We show that our VIB model finds sentence representations that are more robust to biases in natural language inference datasets.
- Score: 40.66716433803935
- License: http://arxiv.org/licenses/nonexclusive-distrib/1.0/
- Abstract: While large-scale pretrained language models have obtained impressive results
when fine-tuned on a wide variety of tasks, they still often suffer from
overfitting in low-resource scenarios. Since such models are general-purpose
feature extractors, many of these features are inevitably irrelevant for a
given target task. We propose to use Variational Information Bottleneck (VIB)

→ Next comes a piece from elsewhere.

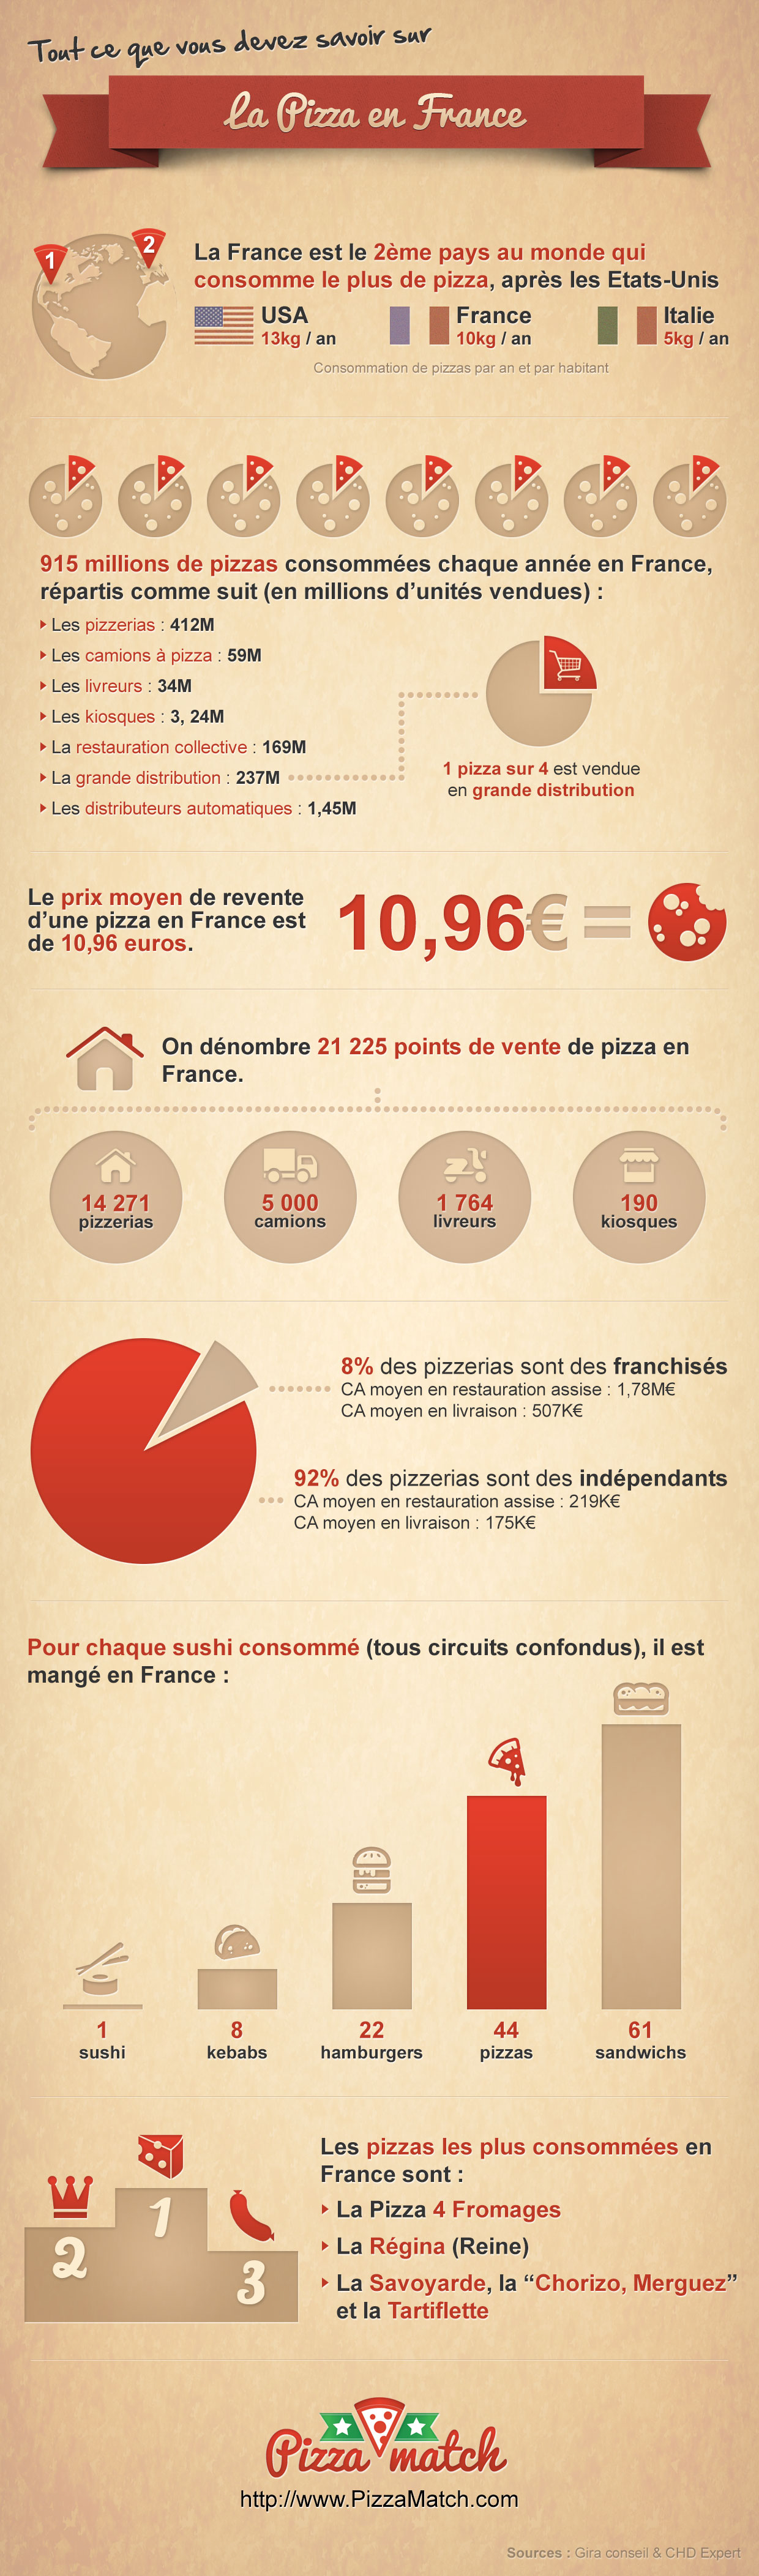 infographie pizza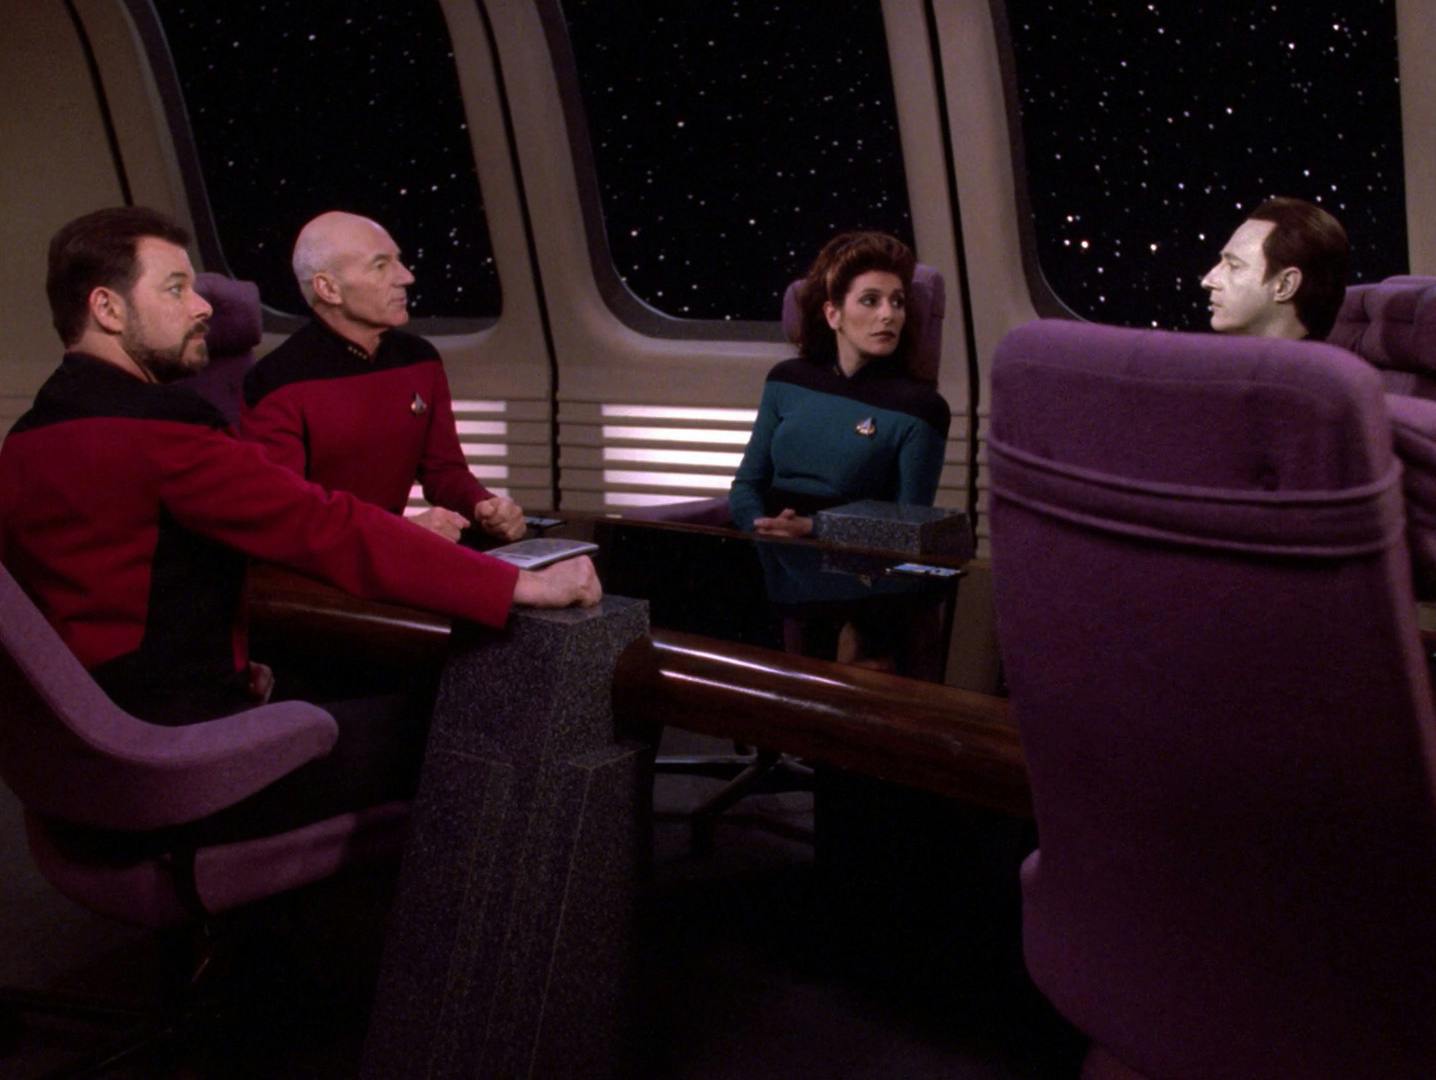 Picard consults with Riker, Troi, and Data in the Observation Lounge in 'All Good Things...'

to suppress irrelevant features when fine-tuning on low-resource target tasks,
and show that our method successfully reduces overfitting. Moreover, we show
that our VIB model finds sentence representations that are more robust to
biases in natural language inference datasets, and thereby obtains better
generalization to out-of-domain datasets. Evaluation on seven low-resource
datasets in different tasks shows that our method significantly improves
transfer learning in low-resource scenarios, surpassing prior work. Moreover,
it improves generalization on 13 out of 15 out-of-domain natural language
inference benchmarks. Our code is publicly available in
https://github.com/rabeehk/vibert.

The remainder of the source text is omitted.